Theory vs reality

A company in Culham – First Light Fusion – has just shown that it is possible to create nuclear fusion through an entirely different method. The conventional method, currently being trialled down the road in Culham by the Joint European Torus (JET), recently broke the world record for fusion. But even it is a long a way from making a viable power plant. First Light Fusion only managed to create 50 neutrons through its new method.

Dr Nick Hawker, the founder of the company, said:

“We’re not daft. We know that 50 neutrons is not very much.” The point is though, he said, it matches their calculations and validates the approach. “The important thing is that the measured amount of fusion agrees very closely to the predicted amount from a simulation,” he said. Now Hawker said they are looking to speed up the projectile. With more pressure, yield should increase greatly.

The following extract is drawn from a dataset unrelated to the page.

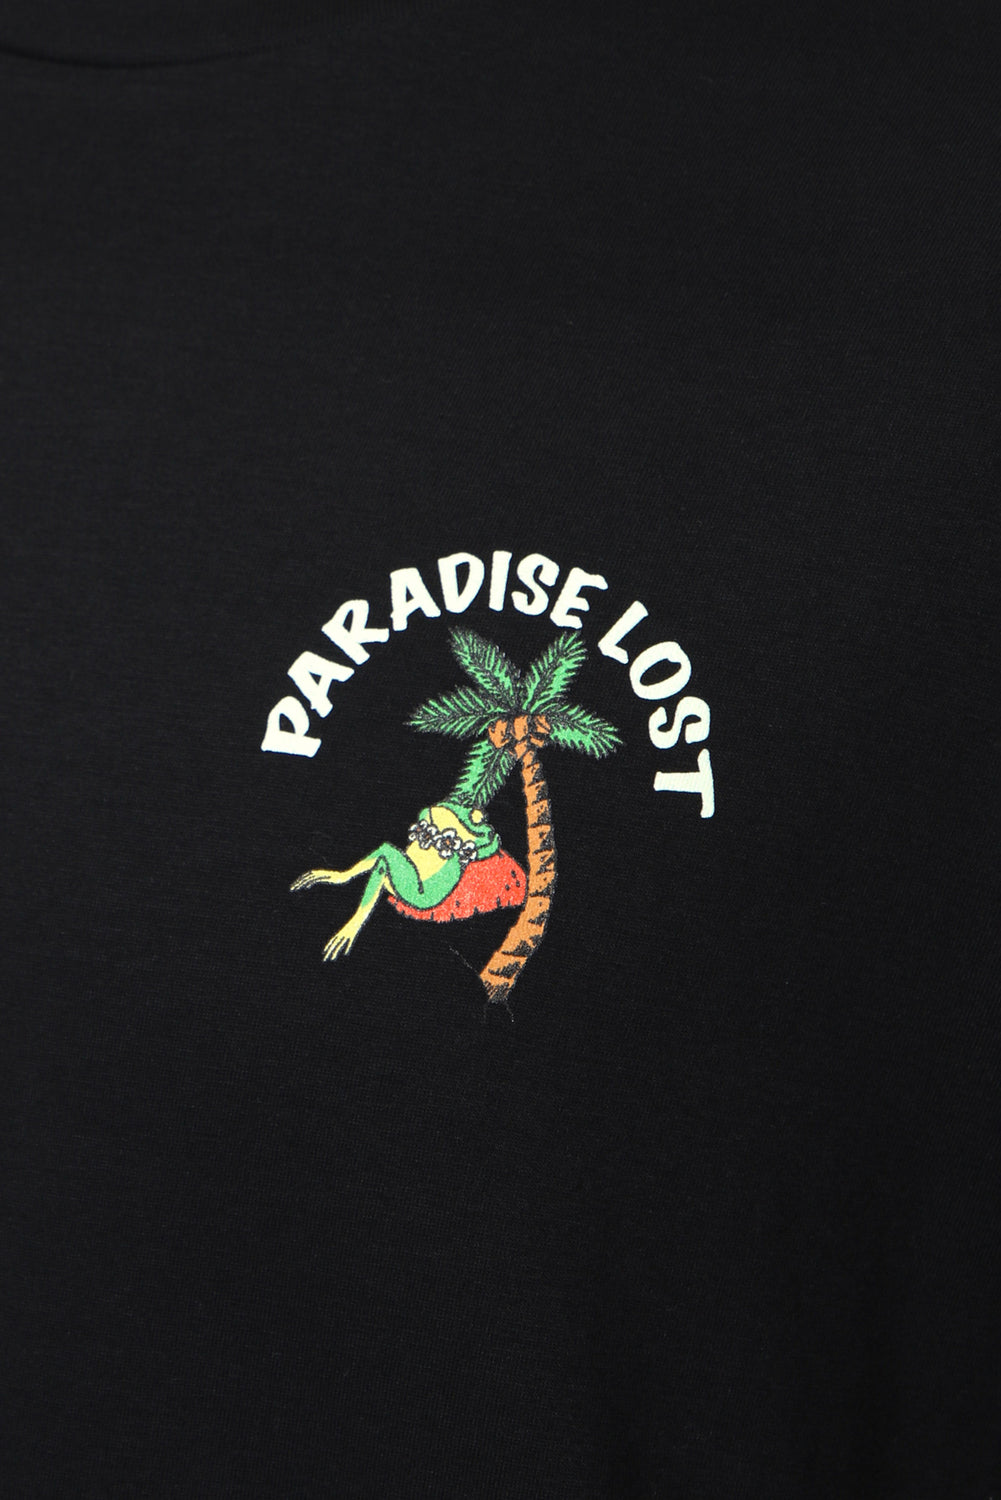 Arsenic Mens Paradise Lost T-Shirt Arsenic Mens Paradise Lost T-Shirt

‘Light at the end of the tunnel in nuclear fusion’, The Times, 5 April 2022

The Times report:

Dr Richard Kembleton, from Eurofusion, the European consortium of fusion researchers, said that what is key now is to see how those experiments progress.

“This is good news for First Light, as it proves their approach can produce implosions as their models predict,” he said. “It’s scaling this up to the complex and precise geometries they show in their simulations, which is the really tricky bit.”

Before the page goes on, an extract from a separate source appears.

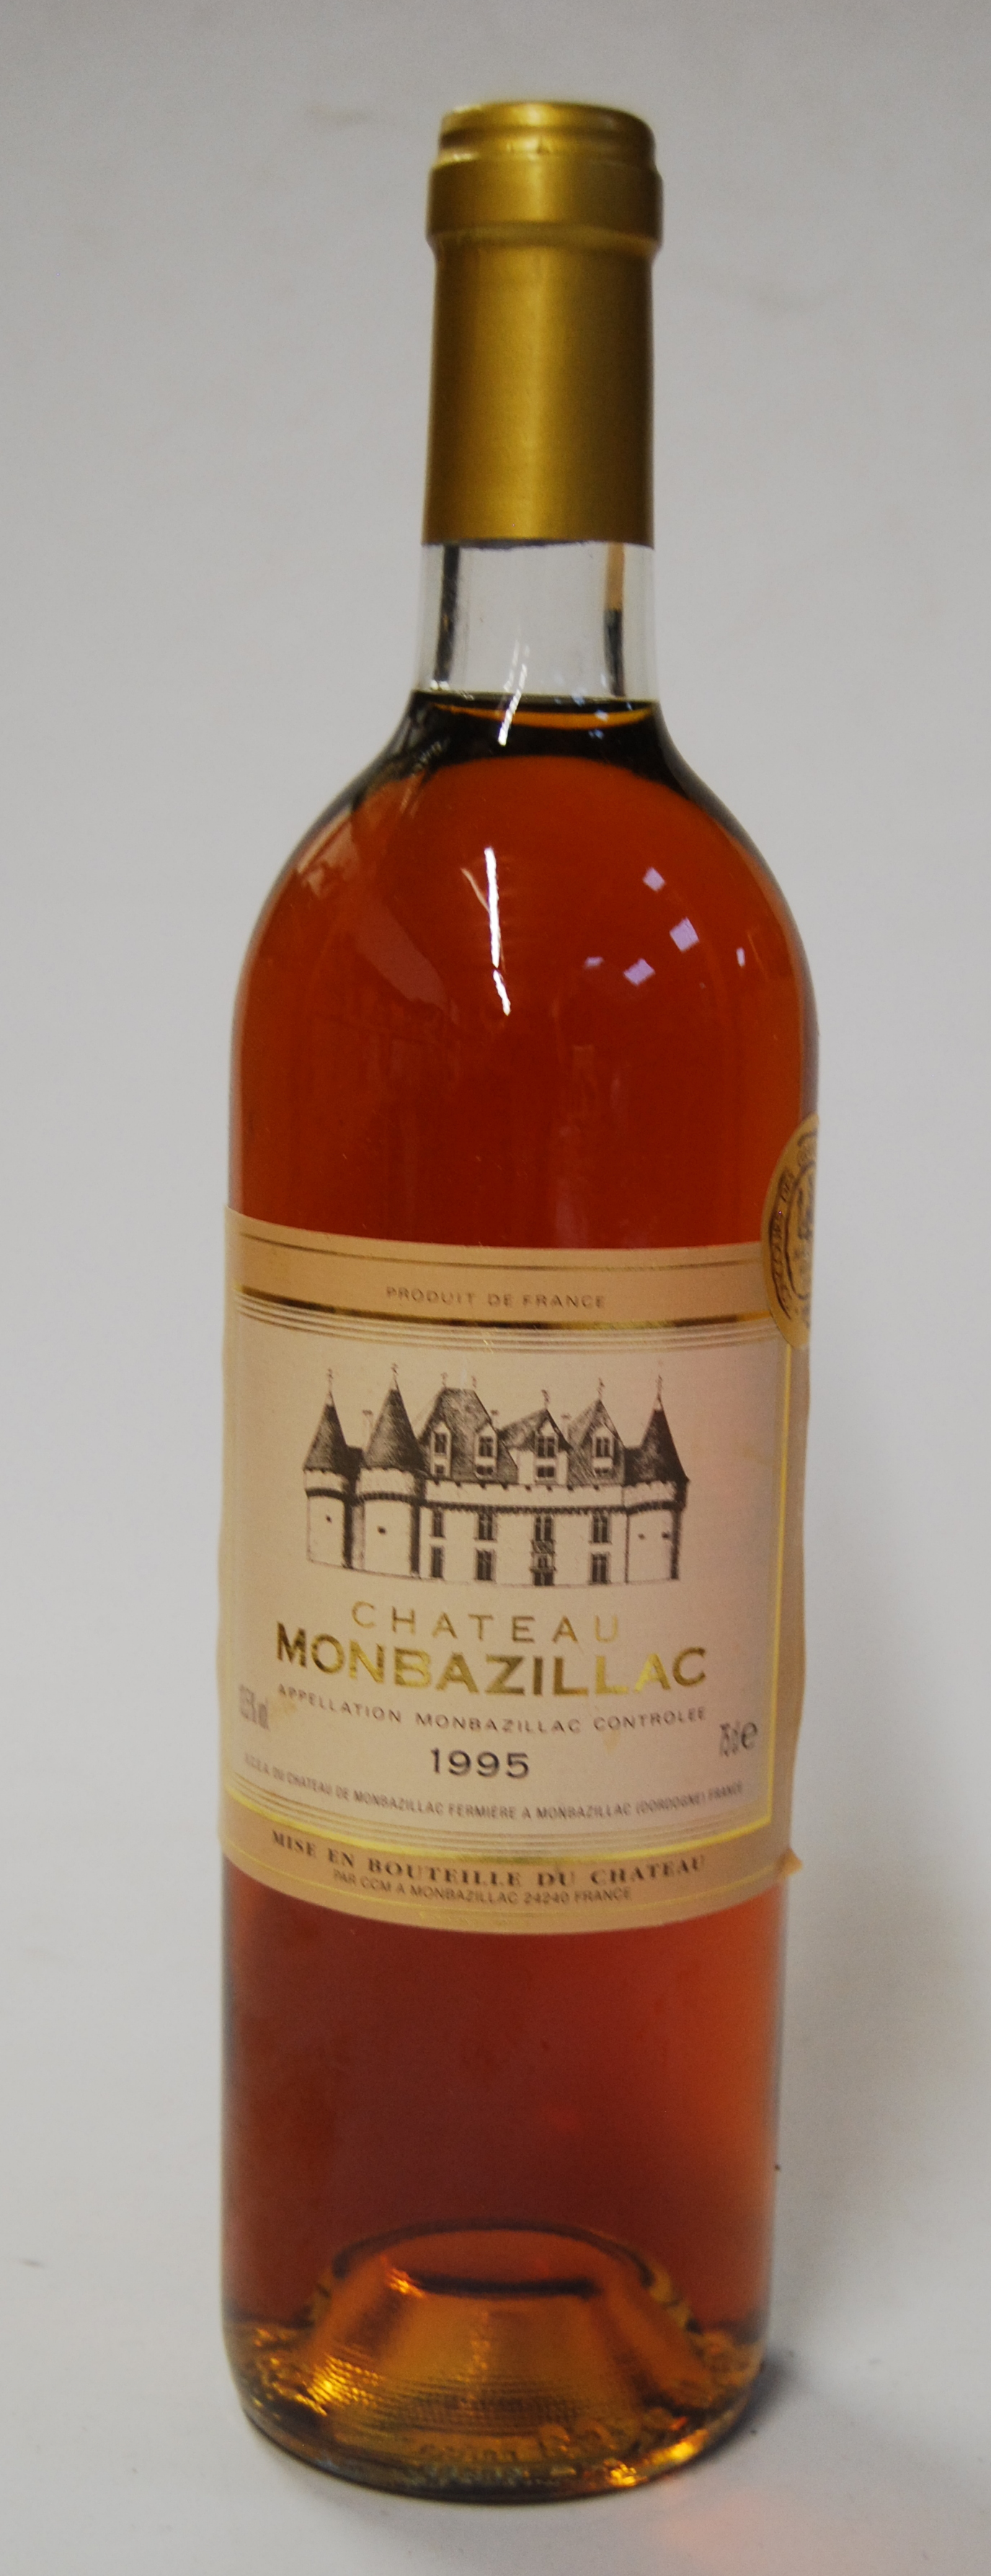 Château Monbazillac, 1995, Monbazillac, three bottles in gift pack carton

Shocking absolutely no one here, I don’t mind admitting I know nothing about nuclear fusion. Relatives of mine are working in the field – at one of the aforementioned establishments – but it is all a mystery to me. In the broadest and most general way, I just about understand what they’re trying to do and why. And ‘just about’ is doing a lot of heavy-lifting in that sentence. So, I’m not really here to talk about nuclear fusion because… well, for much the same reason that you don’t invite physicists and engineers to come and deliver talks on philosophy, theology or history.

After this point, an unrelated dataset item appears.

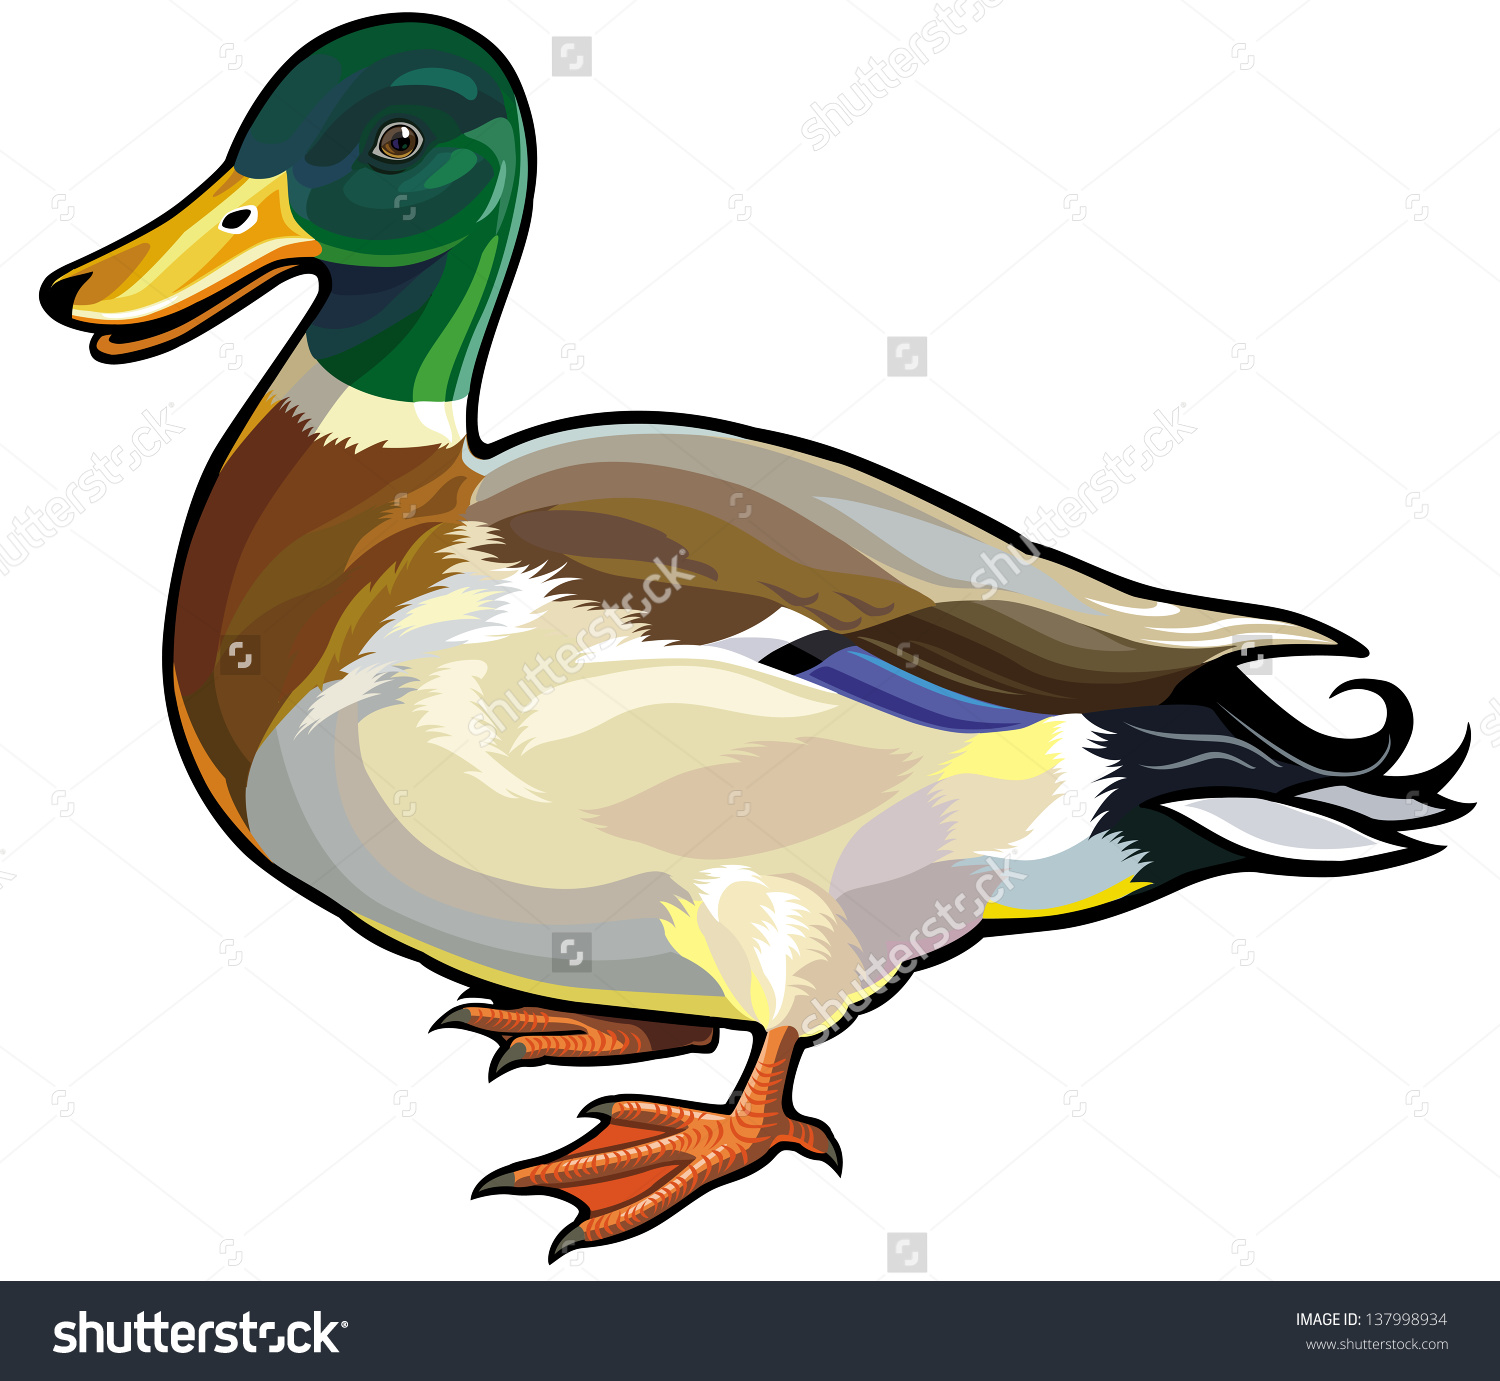 green duck clipart - photo #37

My interest in this story is to do with proving theory and making things work in reality. The company have managed to prove the theory that firing a projectile at a pellet of fuel can create fusion. They are hoping that scaling up the speed of the projectile and the size of the fuel will create bigger amounts of energy. The theoretical advantage this method has is, as the owner of the company suggests, ‘If we can get the core physics to work, which I think we can, it potentially has a much faster trajectory to a power plant. The engineering is much simpler. The physics is simpler.’ But therein lies the trouble. They have managed to prove the theory. They have created fusion on a tiny scale. The big question is whether it can be scaled up and if this new proven theory will actually work in practice at the larger scales required.

I think this is interesting because it is an issue we frequently see in the church. Many of us have our grand theories about the way things should be. The church, we think, ought to operate in particular ways. Certain programmes should exist. We have certain methods and ideas that we think should be implemented. Essentially, we think we have a clear view on the theory. What we often aren’t so clear about is whether our theory – even if it has been tested and applied on a small scale – will work in practice at the scale required to make it helpful or in different contexts where the theory can’t be made a reality.

It always interests me the number of people who assume the church must be just the way I like it, in every respect, simply because I am the pastor. Few seem to recognise that things may not be how I would ideally have them because the realities of life where we are make what might seem optimal unattainable. There are the realities of different people with different views on things that, whilst not how I would do them, are not things to pick fights about. There are the realities of things that would be lovely – like A-grade music – but not possible because of the lack of willing and suitably talented musicians to achieve it. There are the things that I would do in theory, but that aren’t viable in practice. Either because we can’t scale them or we don’t have the appropriate people or resources to achieve them. Then there are all the context specific things. Things that you might do in one place but, whilst they work really well there, won’t work very well in any other.

None of that, of course, is to complain that the church isn’t exactly how I would have it. In another sense, it is exactly as I would have it inasmuch as it is what it is and I am perfectly content with the church the Lord has given me to shepherd. And I really love our people and would hate to impose on them my way of doing things – particularly if they are not specifically biblical things, just preferential things I think are best – and ride roughshod over what many of them would prefer in the process. It is just to say, sometimes what I would design from scratch given a blank sheet of paper and unlimited resources is not often what is possible or realistic. The theory might be sound, but the reality impracticable or whatever.

This is the nature of churches. We may have big ideas or grand theories about the way things should be, but ultimately we have to deal in realities. Some things may not be possible in a small church context. Some things will be much harder to implement in multicultural settings. Some things will necessarily be sacrificed (like quality some of the time) if you are serious about training people. Sometimes our ambitions, ideas and plans might be great in theory, but they are not workable in reality. And just as that is true for church leaders – and we have to come to terms with it – church members do well to realise it too.